NEW research has identified an “irrefutable need” for skills development to help Powys businesses respond to the economic shift towards a more sustainable future.
The research was commissioned by a Sustainable Skills Partnership led by Mid Wales Manufacturing Group (MWMG) and comprising the Centre for Alternative Technology (CAT), NPTC Group of Colleges, Black Mountains College, and a grouping of social enterprises in North Powys.
The partners are sharing best practice and developing new ways of working together to help drive forward the provision of sustainable skills within the region.
Against a background of an expanding sustainability agenda for the economy – with net zero carbon targets and zero waste ambitions – the need for skills that help local businesses to respond is becoming pressing. By providing these skills locally, jobs can be retained and opportunities for young people created.
Researchers from Wavehill looked at existing gaps and opportunities for interventions, identifying these in industries such as construction and agriculture. In construction, house retrofitting will increase as existing housing stock is updated to keep people affordably warm.
In agriculture, the focus will be on managing soil to hold more carbon and water to help improve productivity whilst suppressing flooding downstream or sequestering carbon.
The skills for these and many other industries will be in high demand, report Wavehill.
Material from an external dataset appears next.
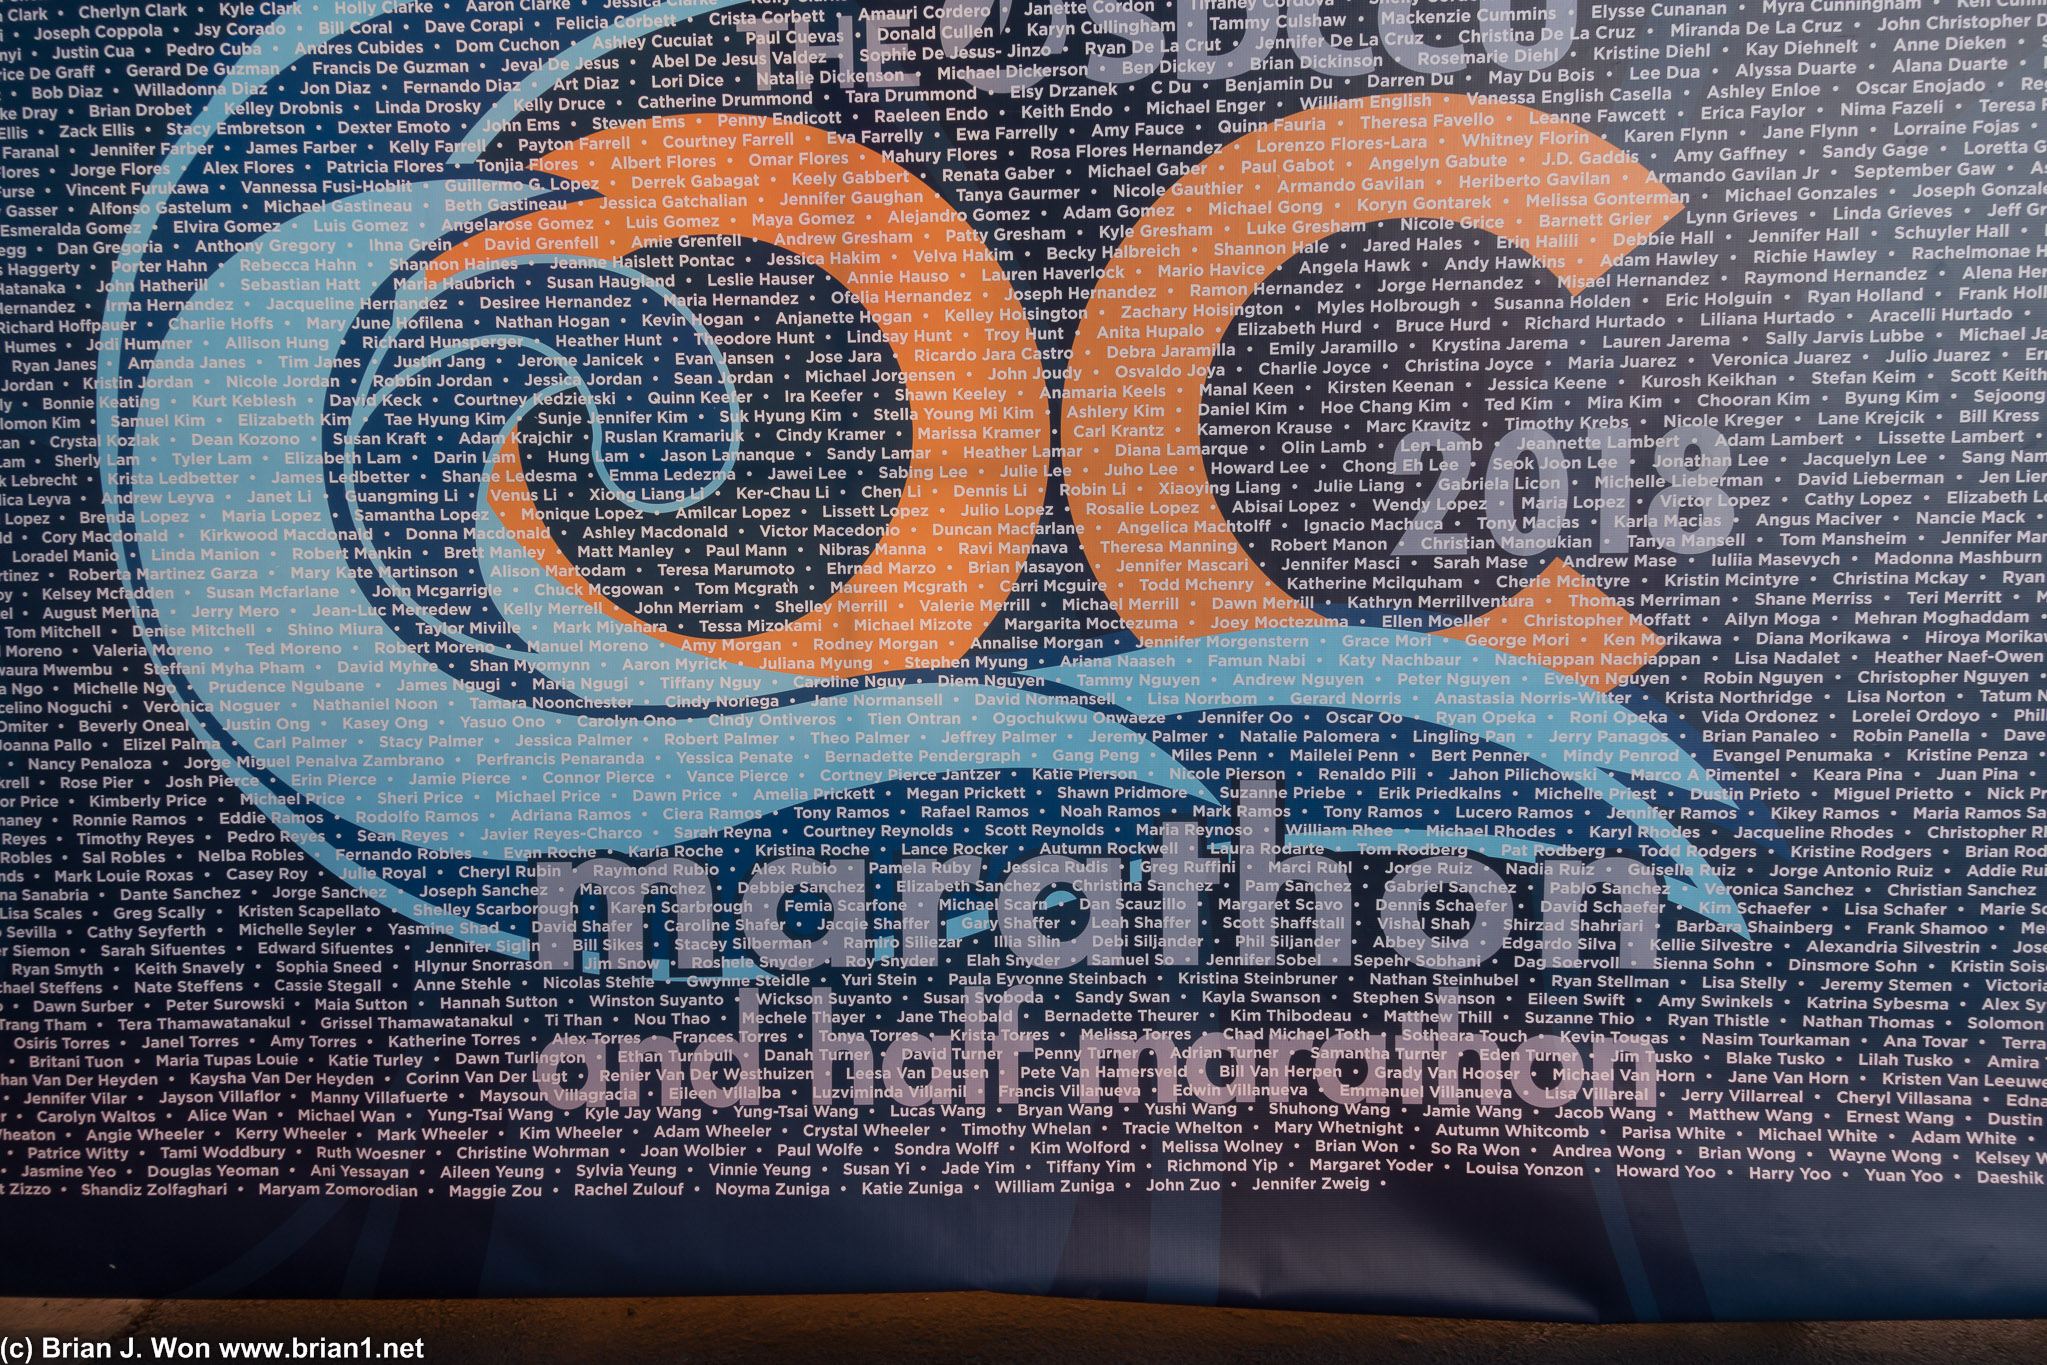 Wall of names for the OC Marathon and Half Marathon.

They identify the potential for a more collaborative approach in Mid Wales to help meet this demand.
A practical Sustainable Skills Cluster in Powys is recommended, one that would connect leading practitioners in each industry with educational establishments. Between them, they would provide formal modules in relevant green skills as in-work training or as full-time or part-time qualifications.
“The evidence presented by the research demonstrates that there is an irrefutable need for skills development to respond to the economic shift towards a more sustainable future,” said Adam Kennerley, project lead for MWMG.
“This is recognised by businesses surveyed in Powys and it will be important for training providers across Wales and the UK to develop courses and modules that respond to this shift.”
The research was funded by Arwain, which works within Powys County Council to deliver the LEADER Programme in Powys. Arwain is funded through the Rural Development Plan for Wales (using Welsh Government and European Agricultural Fund for Rural Development) to promote sustainable rural regeneration.
Many businesses currently travel outside of Powys to access specific training and having home grown skills training would keep wealth and opportunity locally.
Some of these skills, such as external wall insulation or natural flood management, are not yet commercially imperative for businesses, but soon will be.
“A Sustainable Skills Partnership would help Powys to be prepared and to take maximum advantage of a shift in the rural economy following Brexit and in preparation for going zero carbon. Courses should be tailored to the needs of businesses both now and in the future” explained Adam.
An ambition for the Sustainable Skills Partnership should be to better connect mainstream training providers, such as NPTC Group of Colleges, to sustainability professionals from within existing Powys businesses as well as experts from the likes of CAT, Black Mountains College and others.
Together they would introduce changes to modules or courses in key sectors that are most likely to be immediately affected by the transition to a sustainable economy.
The report also prioritises the need to make businesses aware of all the existing training available to them by creating a web portal for the Sustainable Skills Partnership. Close collaboration with the new Mid Wales Regional Skills Partnership is seen as imperative as the partnership develops.